The information processing apparatus 600 will be described in detail below, specifically as follows:

in one embodiment, the frame includes at least three positioning identifiers, and the first acquisition module 601 may include:

The acquisition sub-module is used for acquiring pictures displayed by the electronic equipment through at least two cameras of the XR equipment to obtain at least two first images;

the first determination module 602 may include:

the first determining sub-module is used for determining second position information corresponding to at least three positioning identifiers respectively based on at least two first images;

and the second determining submodule is used for determining first position information of the electronic equipment in the first coordinate system based on at least three pieces of second position information.

Based on the same inventive concept as the above-described information processing method mainly performed by an electronic device, the present application also provides an information processing apparatus that can be applied to an electronic device.
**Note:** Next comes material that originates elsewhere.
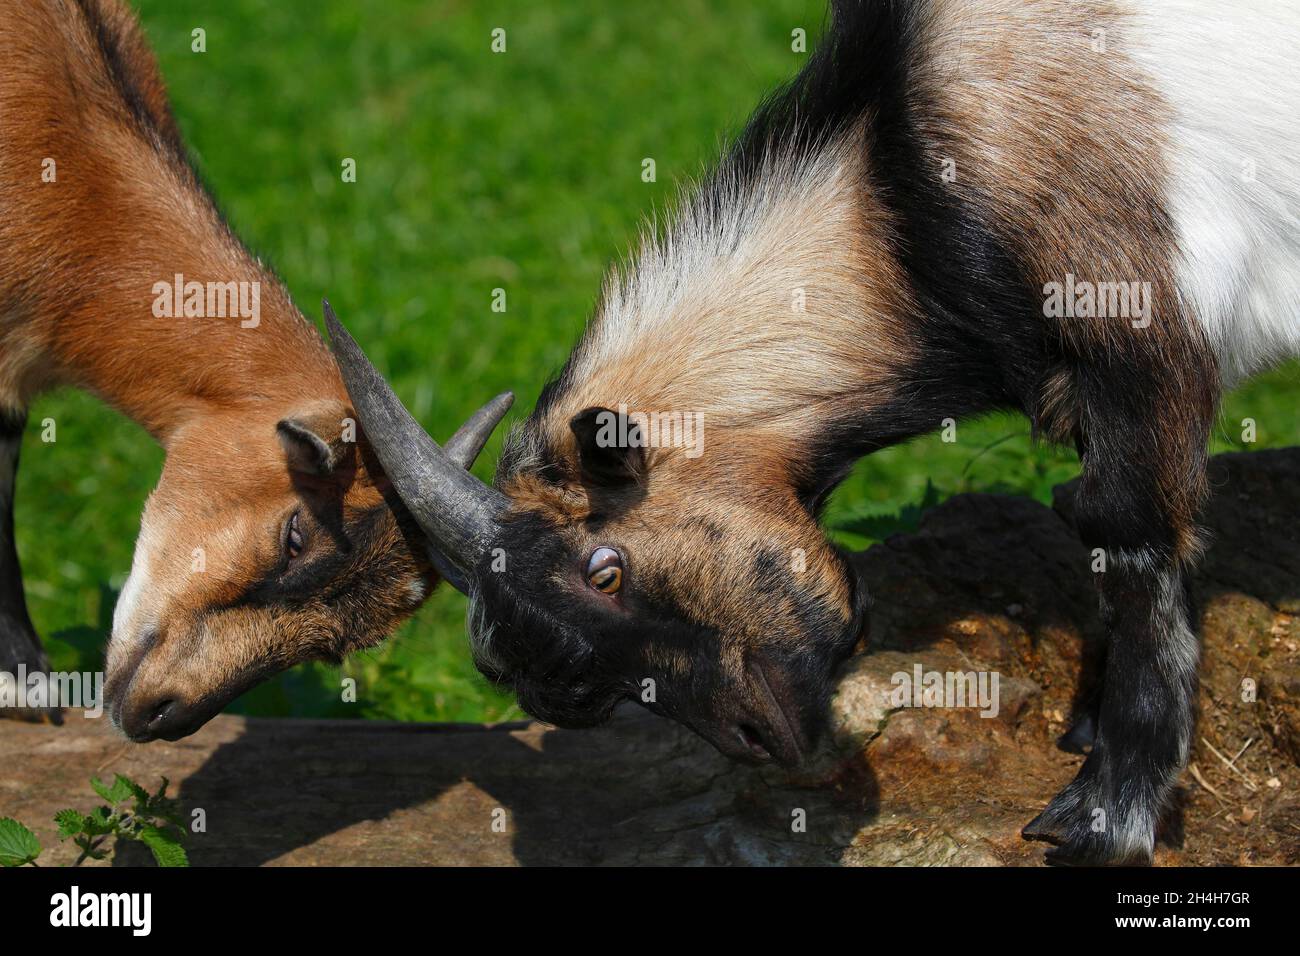 Dwarf goats, Schleswig-Holstein, Germany Stock Photo

The information processing apparatus provided in the embodiment of the present application is described in detail below with reference to fig. 7.

Fig. 7 is a block diagram showing a structure of an information processing apparatus according to an exemplary embodiment.

As shown in fig. 7, the information processing apparatus 700 may include:

the display module 701 is configured to display a frame including a positioning identifier, so that a camera of the XR device acquires the frame to obtain a first image, and determine first position information of the electronic device in a first coordinate system based on the positioning identifier in the first image, where the first coordinate system is a world coordinate system in which the XR device is located;

a receiving module 702, configured to receive first location information sent by an XR device;

the second determining module 703 is configured to determine pose information of the electronic device in the first coordinate system according to the first position information and the first pose information of the electronic device.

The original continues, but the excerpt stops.